Maud was very well pleased to be in London again. Measures of considerable material import were being debated, and she liked to feel the heart of the country beating. She had never been more interested in life generally, and the Chathams’ house was becoming famous in a manner for the large number of clever people whom she collected round her. She had a certain gift of making people talk, without letting them know they were being made. The autumn she{197} would have confessed was dull, but the reason why she found it so she would not have confessed, even to herself. She had attended Tom’s wedding, and had behaved delightfully, but when it was over she found herself, as it were, facing a blank wall. Blank walls are not inspiriting things to contemplate, and after a few weeks of contemplation she arrived at the sensible conclusion that she would face it no longer, and she had spent the autumn in demolishing it stone by stone. And now by dint of real exertion, which was almost heroic in its untiringness, she could conscientiously say there was not one stone left on another, and in consequence the advent of May and Tom was an event which she regarded with pure pleasure. In other words, she considered she had “got over it.” Tom, she felt sure, was completely unconscious of what had been going on, and they could meet again with perfect frankness and unreserve. She had met May once or twice before the marriage, and thought of her as a sort of exceedingly beautiful cow.

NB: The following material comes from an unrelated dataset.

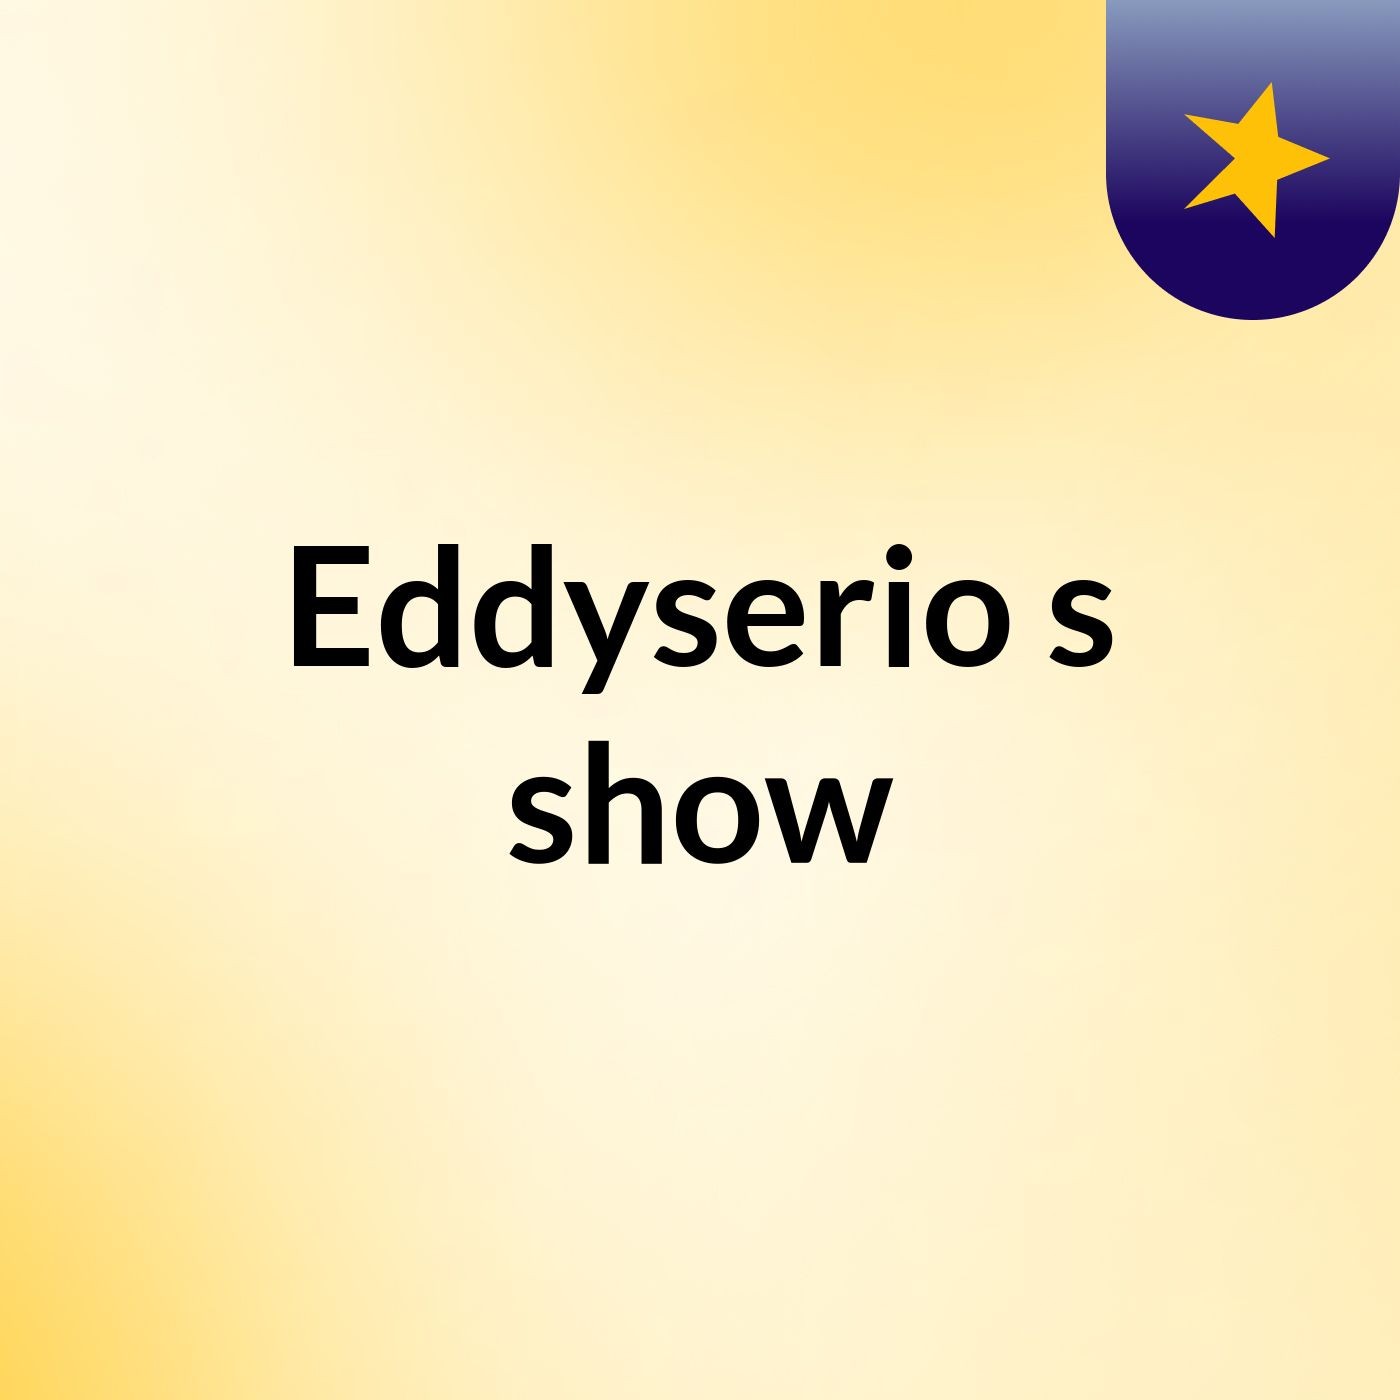 Eddyserio's show

Maud was just writing a note to accept Mrs. Carlingford’s invitation to dinner. There were only to be four of them, the fourth being Manvers, who had come to England for a week or two, and whom May thought Maud had met at Athens. May had got a slight cold and was going to wear a tea-gown, and would Maud do the same? She called her “Dear Miss Wrexham,” and remained “hers truly.”
Manvers had been to see Tom already that day immediately on his arrival in London, and Tom had scouted the idea of his going to a hotel, and insisted on his staying with them. Manvers made sundry{198} efforts to talk to May and make himself agreeable to her, but he did not think he had succeeded very well. Like Maud, he thought of her as a sort of cow, and he did not appreciate her style of beauty. But Tom was as nice as ever, and still quite mad, which was, he confessed, disappointing, but it would certainly pass off.
The three had gone together to see Tom’s studio and the herald of the Golden Age in clay. The pose he had chosen was admirably simple and wonderfully successful. The goddess stood with one foot trailing behind, the heel off the ground, resting on her foremost foot; the arms hung limply by her sides, and her head was drooped in sorrow for her lost child. The face was the face of his wife, subtly idealized, but preserving the look of portraiture. Tom had been working very hard at it, and in the clay it was sufficiently finished to allow one to see what it would be like. He worked in his old desultory manner, with fits of complete idleness and spells of almost superhuman exertion, with the difference that the fits of complete idleness were now the exception, not the rule.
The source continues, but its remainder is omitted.